PASTORAL

LOS DESAFÍOS DE  EL JOVEN  FILIPENSE EN LA PASTORAL

 

Los jóvenes sueñan con una Iglesia que apoye y forme a nivel espiritual y doctrinal, que sea alegre, joven, de puertas abiertas, que ame y se acerque a otros jóvenes, y a su vez coherente, comprometida y tolerante, que parta de la realidad y sea capaz de adaptarse a los nuevos tiempos, desde la unión, la participación y la escucha; que sea persistente, atrevida,  guerrera, creativa, llena de amor, amable y que sea madre. Pero los jóvenes filipenses  también plantean  desafíos que  giran en torno a la apertura y a la aceptación de las diferentes formas de expresión. Adoptar esta perspectiva permitirá acercarlos a Dios y a la Iglesia, con una opción preferencial por aquellos jóvenes en situaciones críticas como la soledad, las drogas, el alcoholismo y tantas otras realidades que afectan el desarrollo del joven; esto implica la apropiación de modelos activos y participativos que contribuyan a su fortalecimiento y  a su crecimiento personal, que favorezcan los espacios de formación y el compromiso con su proyecto de vida.
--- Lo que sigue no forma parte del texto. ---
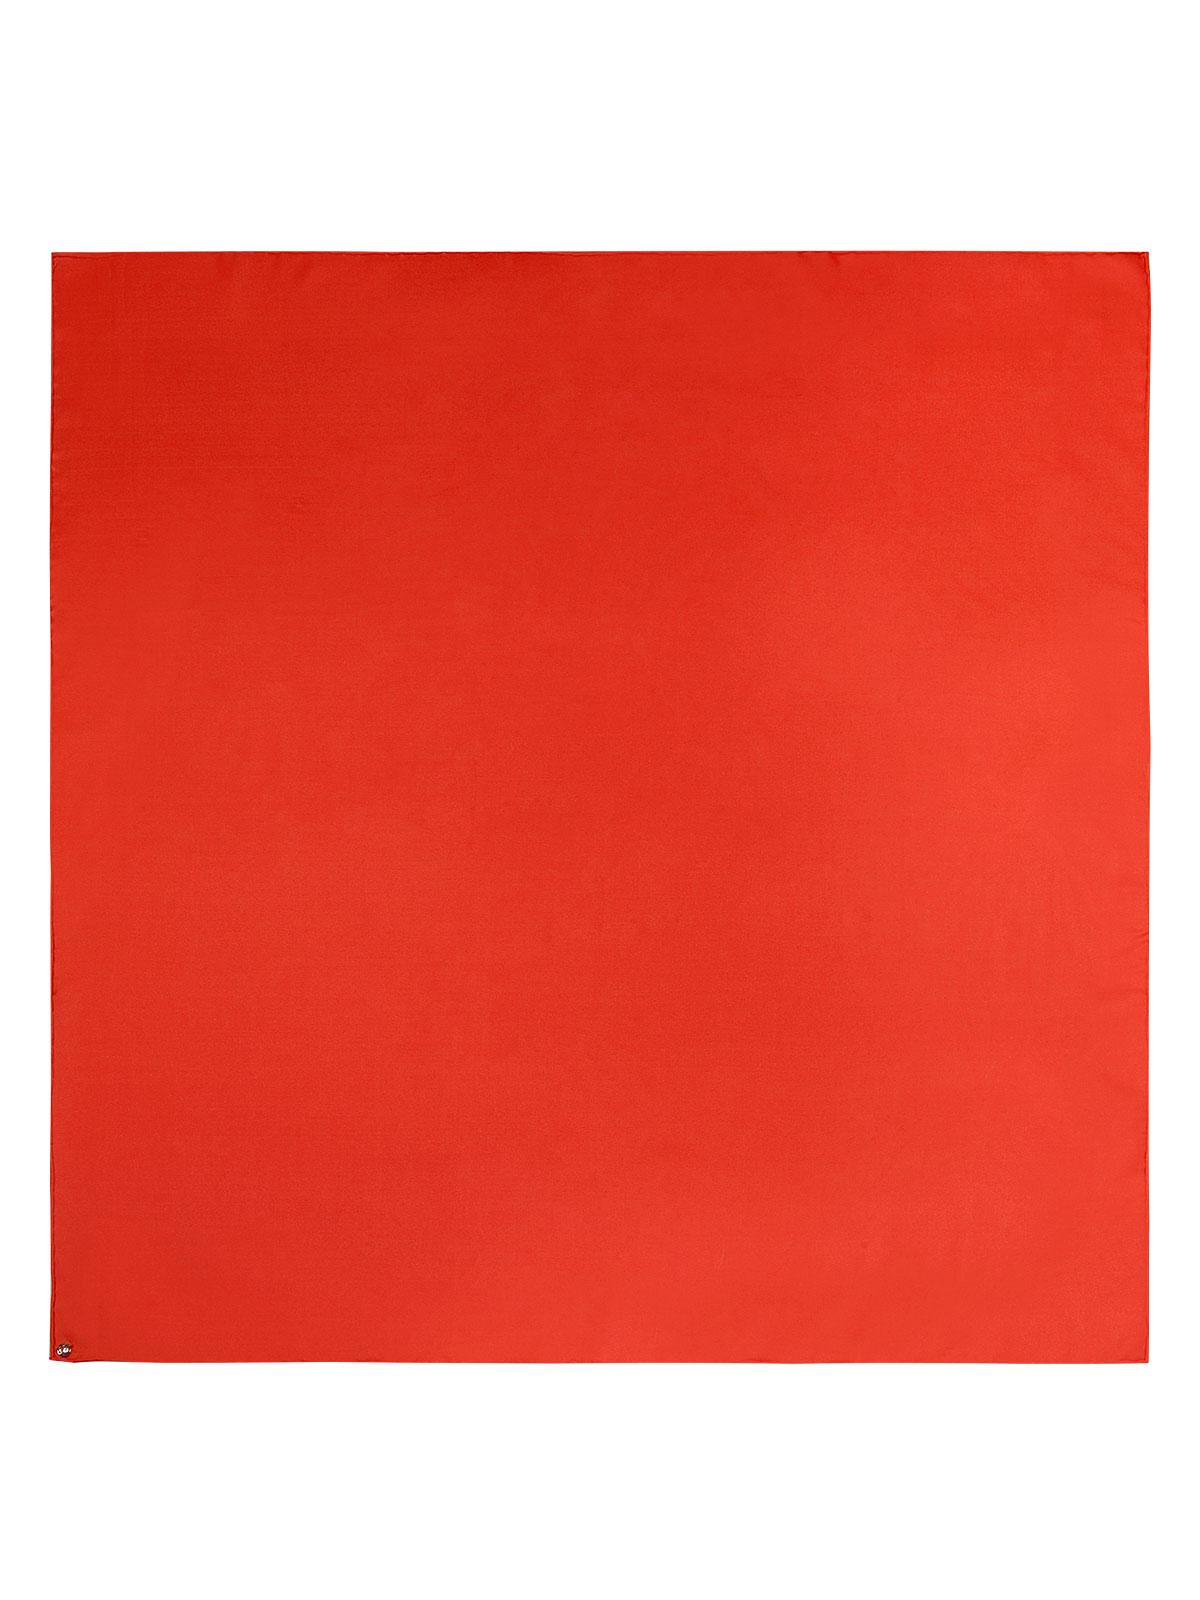 Шарф из шелка красного цветаШарфы<br><br>Материал: Шёлк 100%<br>Размер: 90 х 90<br>Цвет: Красный<br>Дизайн: Италия<br>Страна производства: Италия<br><br>Материал верха: Текстиль<br>Цвет: Красный<br>Пол: Женский<br>Размер: Без размера

Es así como el presente Plan de Pastoral surge a partir de escuchar a los jóvenes del Colegio San Felipe Neri de Pasto, tanto a aquellos que están en los procesos y estructuras de la Pastoral como quienes están en otros campos, incluso por fuera de la Iglesia, de modo que pueda responder a sus necesidades, anhelos y propuestas. Ningún proceso ni acción pastoral puede iniciar sin hacer una lectura de la realidad, y esta necesidad brota de la misma experiencia de nuestro Señor Jesucristo, quien se hizo hombre asumiendo nuestra naturaleza, compartiendo nuestras alegrías y tristezas, para que guiarnos por el camino de la salvación.

Los jóvenes de nuestra institución  parten del amor como sentido primero, la espiritualidad filipense, el entusiasmo, la proyección hacia la comunidad y el liderazgo que los transforma en protagonistas de su realidad. Los jóvenes pastoralistas tienen la capacidad de adaptación, creatividad, alegría, son fraternos, comprometidos, perseverantes, poseen el deseo de compartir sus experiencias personales y grupales, es decir, la vida misma en la que  fortalecen  las cualidades como amistad, solidaridad, ayuda; además son  alegres, responsables, llenos de sueños.

Además de su ser, es importante conocer, de manera general, en qué invierten su tiempo, cuáles son los espacios o escenarios en los que se desenvuelven, tales como los momentos de diversión, formación, trabajo y  servicio, que están mediados por el compartir con el otro, partiendo de un sentimiento de alegría y solidaridad, en el que resaltan espacios para que descubran y asuman actitudes del discípulo de Jesús, que son necesarias para responder con  generosidad  y justicia al contexto actual, de modo que, puedan ser constructores de la civilización del amor en nuestra  tierra, buscando conjugar su realidad con la doctrina que nuestro fundador San Felipe Neri nos enseñó.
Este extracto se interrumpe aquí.